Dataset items

*-*-*

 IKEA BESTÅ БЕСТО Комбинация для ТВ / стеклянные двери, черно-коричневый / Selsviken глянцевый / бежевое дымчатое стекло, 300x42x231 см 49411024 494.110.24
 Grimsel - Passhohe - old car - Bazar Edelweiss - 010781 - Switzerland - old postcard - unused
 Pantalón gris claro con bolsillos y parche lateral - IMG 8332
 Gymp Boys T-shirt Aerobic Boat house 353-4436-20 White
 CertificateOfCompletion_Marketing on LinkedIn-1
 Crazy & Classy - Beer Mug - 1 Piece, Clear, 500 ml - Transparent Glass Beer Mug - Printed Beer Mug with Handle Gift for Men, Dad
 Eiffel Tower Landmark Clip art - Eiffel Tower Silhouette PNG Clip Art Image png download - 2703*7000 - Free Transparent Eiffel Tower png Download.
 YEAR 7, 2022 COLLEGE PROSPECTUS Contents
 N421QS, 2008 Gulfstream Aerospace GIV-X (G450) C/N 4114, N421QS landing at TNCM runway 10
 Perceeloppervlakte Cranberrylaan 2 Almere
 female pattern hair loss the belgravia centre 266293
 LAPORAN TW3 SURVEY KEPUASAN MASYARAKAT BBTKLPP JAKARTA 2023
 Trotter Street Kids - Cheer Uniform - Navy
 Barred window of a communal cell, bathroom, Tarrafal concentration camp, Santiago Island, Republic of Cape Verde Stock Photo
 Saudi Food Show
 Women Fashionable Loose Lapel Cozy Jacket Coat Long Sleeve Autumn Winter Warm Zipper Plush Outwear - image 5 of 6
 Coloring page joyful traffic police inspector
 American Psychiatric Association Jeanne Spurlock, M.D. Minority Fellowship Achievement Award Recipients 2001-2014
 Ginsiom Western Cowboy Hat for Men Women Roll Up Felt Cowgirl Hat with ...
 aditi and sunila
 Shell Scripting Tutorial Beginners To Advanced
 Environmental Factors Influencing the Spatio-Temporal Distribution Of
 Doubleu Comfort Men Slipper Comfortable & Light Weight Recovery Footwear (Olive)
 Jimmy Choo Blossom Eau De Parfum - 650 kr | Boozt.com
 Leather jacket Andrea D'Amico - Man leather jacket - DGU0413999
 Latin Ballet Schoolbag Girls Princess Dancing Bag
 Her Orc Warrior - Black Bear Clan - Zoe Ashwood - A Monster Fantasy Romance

*-*-*

**What this task involves:**
Copy each record from above exactly, and include every line.

**Task output:**
 IKEA BESTÅ БЕСТО Комбинация для ТВ / стеклянные двери, черно-коричневый / Selsviken глянцевый / бежевое дымчатое стекло, 300x42x231 см 49411024 494.110.24
 Grimsel - Passhohe - old car - Bazar Edelweiss - 010781 - Switzerland - old postcard - unused
 Pantalón gris claro con bolsillos y parche lateral - IMG 8332
 Gymp Boys T-shirt Aerobic Boat house 353-4436-20 White
 CertificateOfCompletion_Marketing on LinkedIn-1
 Crazy & Classy - Beer Mug - 1 Piece, Clear, 500 ml - Transparent Glass Beer Mug - Printed Beer Mug with Handle Gift for Men, Dad
 Eiffel Tower Landmark Clip art - Eiffel Tower Silhouette PNG Clip Art Image png download - 2703*7000 - Free Transparent Eiffel Tower png Download.
 YEAR 7, 2022 COLLEGE PROSPECTUS Contents
 N421QS, 2008 Gulfstream Aerospace GIV-X (G450) C/N 4114, N421QS landing at TNCM runway 10
 Perceeloppervlakte Cranberrylaan 2 Almere
 female pattern hair loss the belgravia centre 266293
 LAPORAN TW3 SURVEY KEPUASAN MASYARAKAT BBTKLPP JAKARTA 2023
 Trotter Street Kids - Cheer Uniform - Navy
 Barred window of a communal cell, bathroom, Tarrafal concentration camp, Santiago Island, Republic of Cape Verde Stock Photo
 Saudi Food Show
 Women Fashionable Loose Lapel Cozy Jacket Coat Long Sleeve Autumn Winter Warm Zipper Plush Outwear - image 5 of 6
 Coloring page joyful traffic police inspector
 American Psychiatric Association Jeanne Spurlock, M.D. Minority Fellowship Achievement Award Recipients 2001-2014
 Ginsiom Western Cowboy Hat for Men Women Roll Up Felt Cowgirl Hat with ...
 aditi and sunila
 Shell Scripting Tutorial Beginners To Advanced
 Environmental Factors Influencing the Spatio-Temporal Distribution Of
 Doubleu Comfort Men Slipper Comfortable & Light Weight Recovery Footwear (Olive)
 Jimmy Choo Blossom Eau De Parfum - 650 kr | Boozt.com
 Leather jacket Andrea D'Amico - Man leather jacket - DGU0413999
 Latin Ballet Schoolbag Girls Princess Dancing Bag
 Her Orc Warrior - Black Bear Clan - Zoe Ashwood - A Monster Fantasy Romance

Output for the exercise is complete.